Monitor Sport en corona II
de gevolgen van de coronamaatregelen voor de sportsector
Het omzetverlies in de breedtesportsector (sportverenigingen, sportondernemers, gemeenten en sportbonden) komt in 2020 uit op 1,5 miljard euro. Na kostenbesparingen (350 miljoen euro) en compensatie uit diverse steunmaatregelen (450 miljoen euro) resteert een directe schade voor de breedtesportsector van ruim 700 miljoen euro. Deze schade wordt opgevangen door het aanspreken van reserves. Dit leidt tot aantasting van het investerings- en weerstandsvermogen van sportorganisaties en bedreigt het voortbestaan van deze organisaties.
Deze schattingen zijn opgenomen in de tweede monitor Sport en corona. De monitor geeft een beeld van de gevolgen van de coronamaatregelen voor het sport- en beweeggedrag en de organisatie en de financiering van de sport in Nederland.
Andere bevindingen uit de tweede monitor Sport en corona zijn:
- De sport- en beweegdeelname is gedurende de zomer van 2020 weer toegenomen, maar is nog steeds erg kwetsbaar en staat opnieuw onder druk door de coronamaatregelen afgekondigd in oktober en begin november. Er zijn grote verschillen in sport- en beweegdeelname naar opleidingsniveau, die door de coronamaatregelen worden versterkt.

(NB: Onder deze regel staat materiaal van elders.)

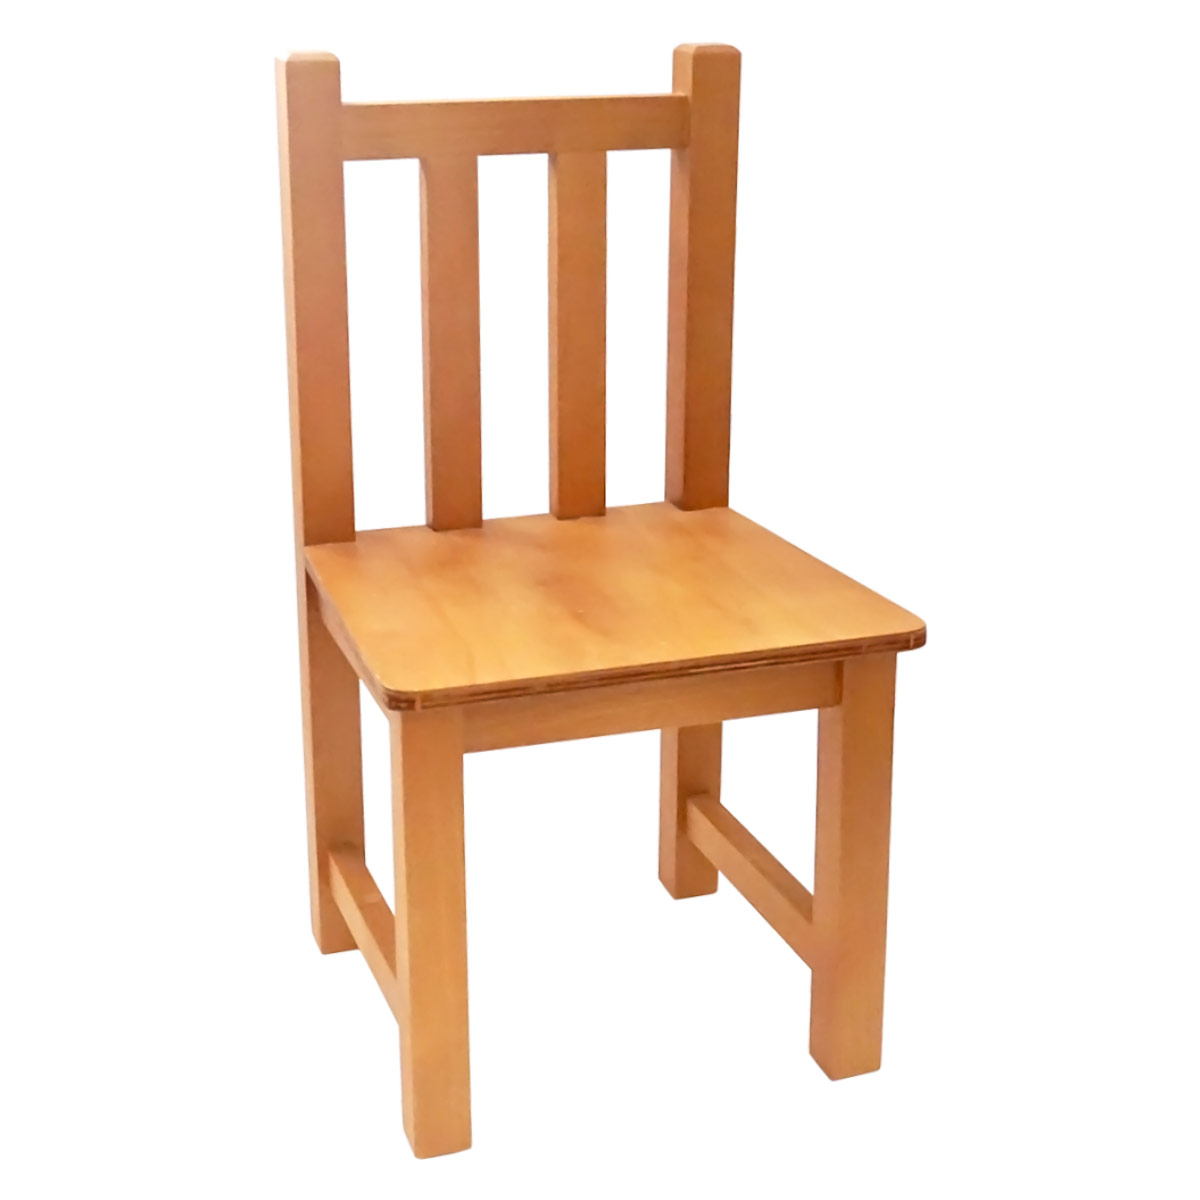 Small Chair Polished Without Arms – Montessori Materials, Learning Toys ...

- Zowel het omzetverlies als de directe schade in de breedtesport zitten vooral bij de sportondernemers (fitnesscentra, dansscholen, maneges, golfbanen e.d.). Vier op de vijf ondernemers in de sector Cultuur, sport en recreatie hadden een negatief bedrijfsresultaat in de eerste helft van 2020. De sportondernemers leiden gezamenlijk een omzetverlies van 1,2 miljard euro in 2020.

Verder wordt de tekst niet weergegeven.